For newly originated adjustable-rate forward mortgage loans and annually adjusting HECMs, the acceptable indices are the weekly average yield on U.S. Treasury securities adjusted to a constant maturity of one year, the 30-day average SOFR published by the Federal Reserve Bank of New York (or a successor administrator), or an alternative SOFR tenor approved by HUD (which HUD may publish by notice). For newly originated monthly adjusting HECMS, the acceptable indices are the weekly average yield on U.S. Treasury securities adjusted to a constant maturity of one year, the weekly average yield on U.S. Treasury securities adjusted to a constant maturity of one month, or an alternative SOFR index approved by HUD.

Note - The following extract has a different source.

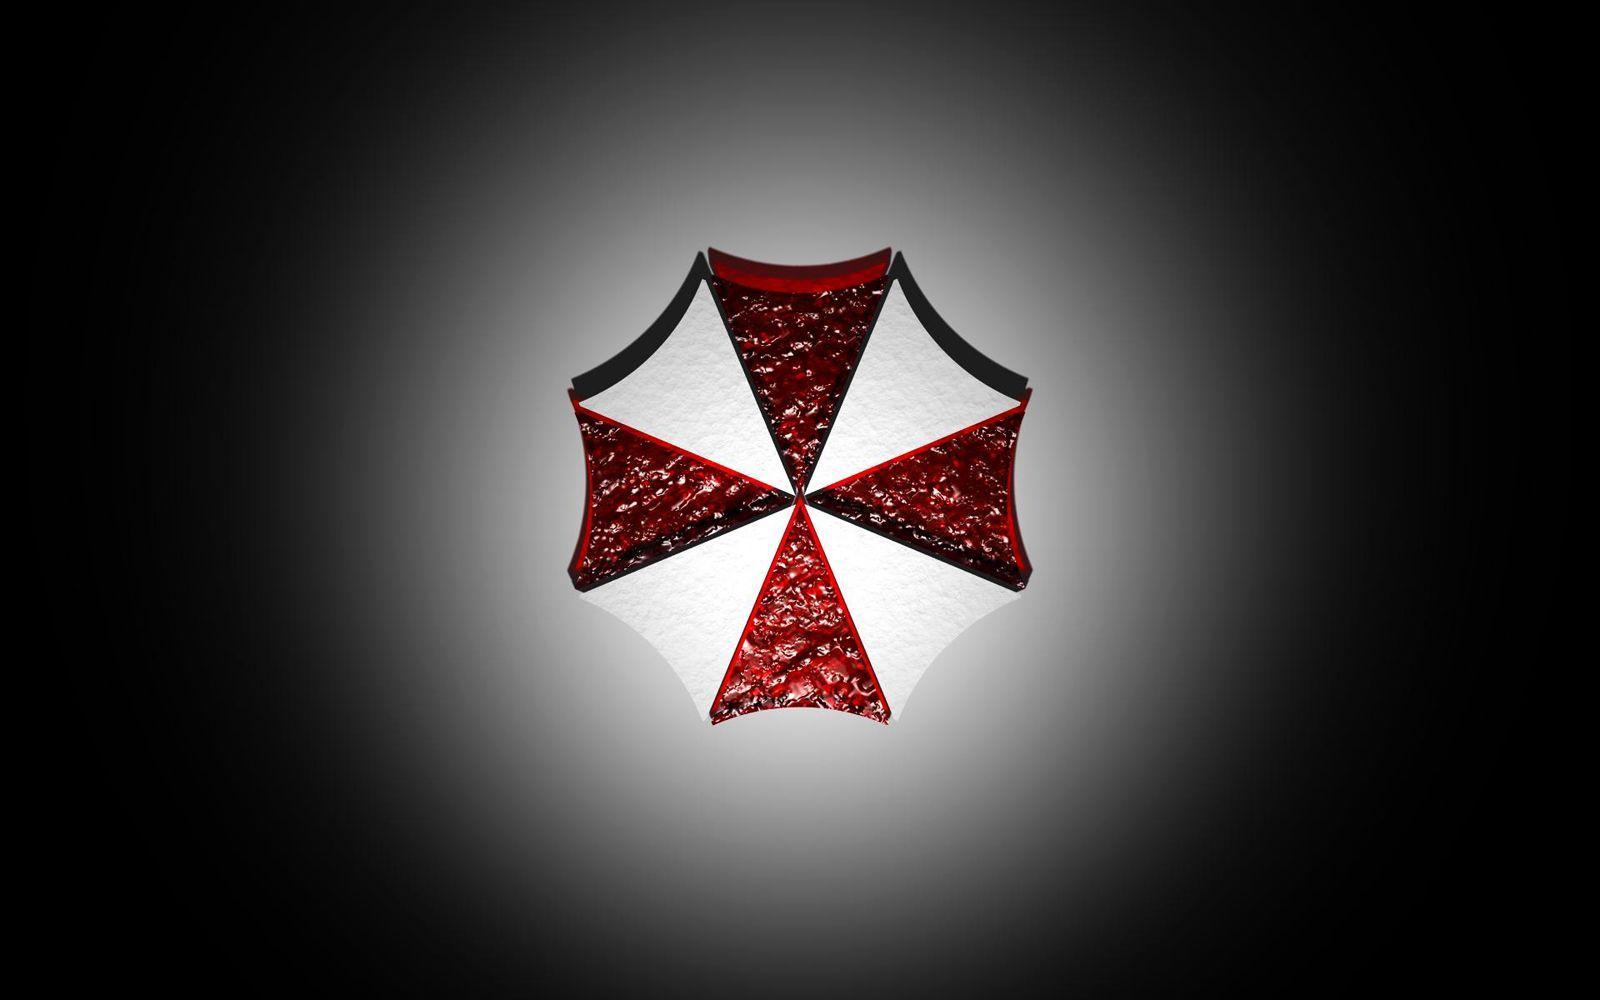 Resident Evil Umbrella Logo Wallpapers Top Free Resident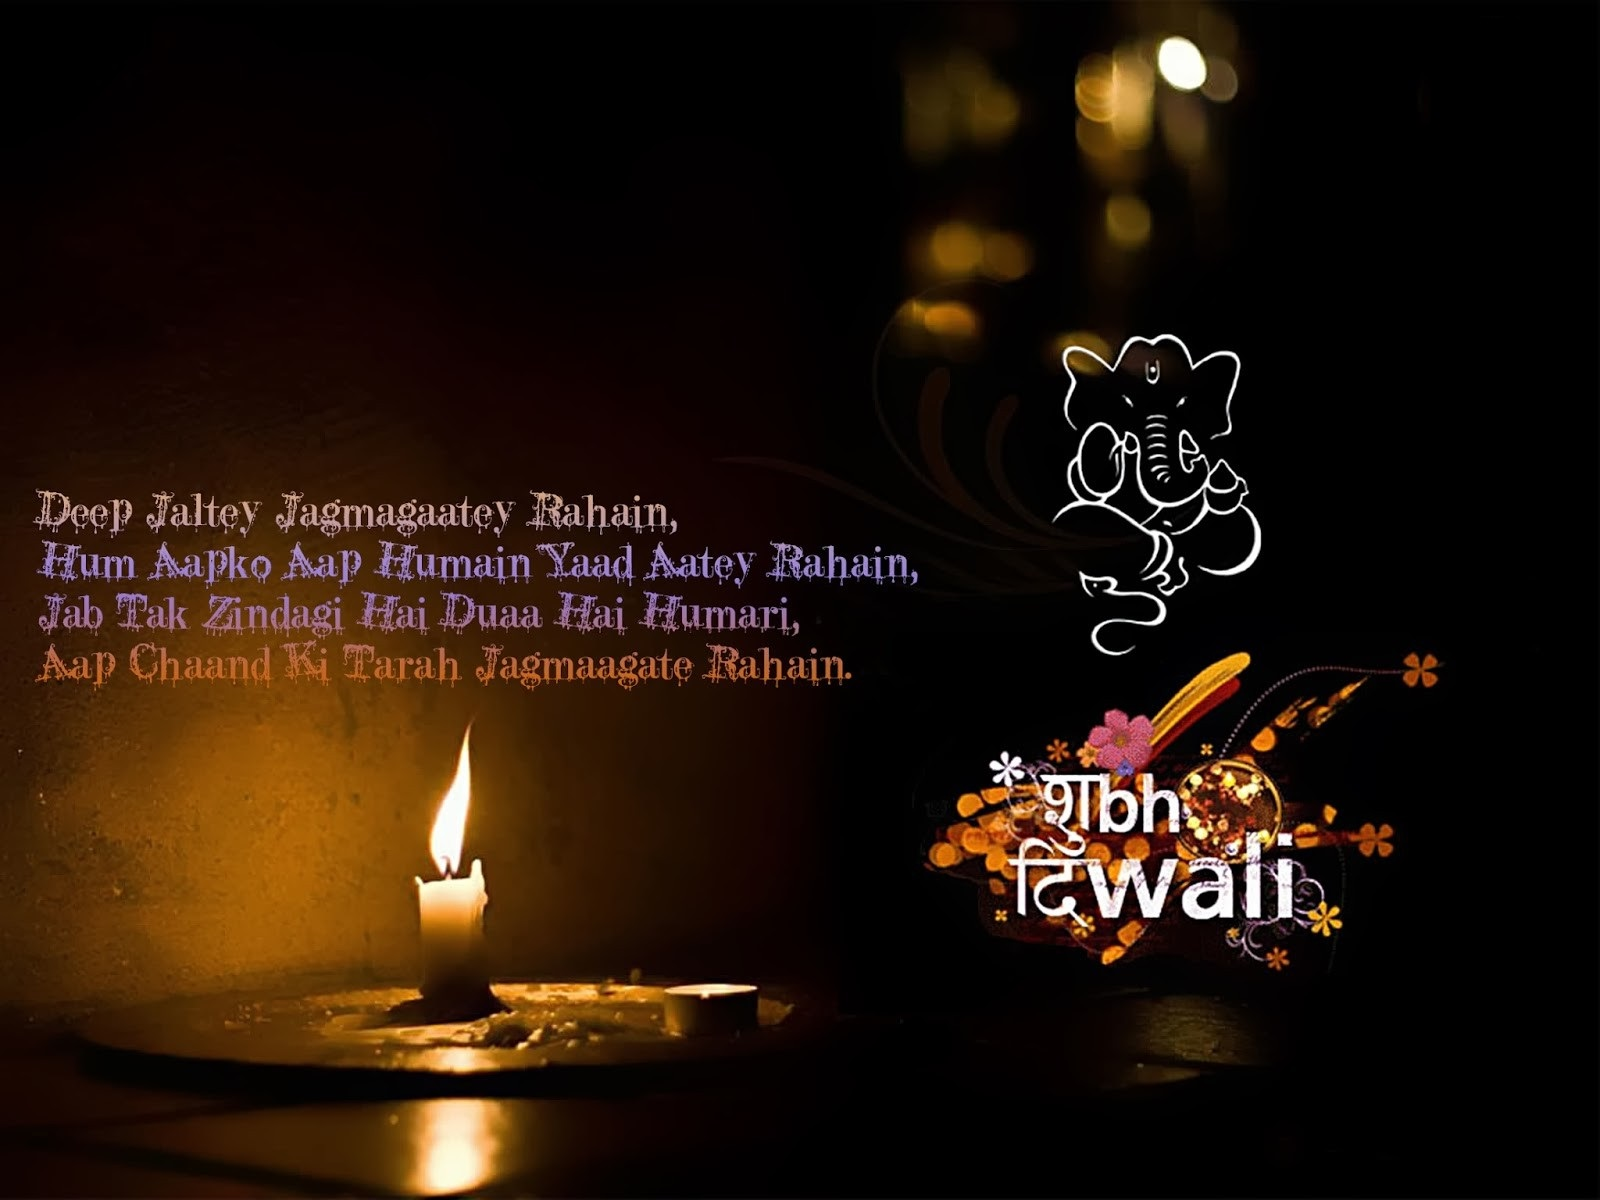 Shubh {Deepavali} Diwali Short Line

For existing forward mortgages and HECMs that use a LIBOR index, the mortgages must be transitioned to the spread-adjusted SOFR replacement index approved by HUD by the next interest rate adjustment date for the mortgage that is on or after the replacement date. Currently, the replacement date is likely to be the first London banking day after June 30, 2023 (June 30, 2023, is likely last day on which LIBOR indices will be published and still deemed to be representative rates).
HUD will publish a Mortgagee Letter to implement the requirements of the final rule.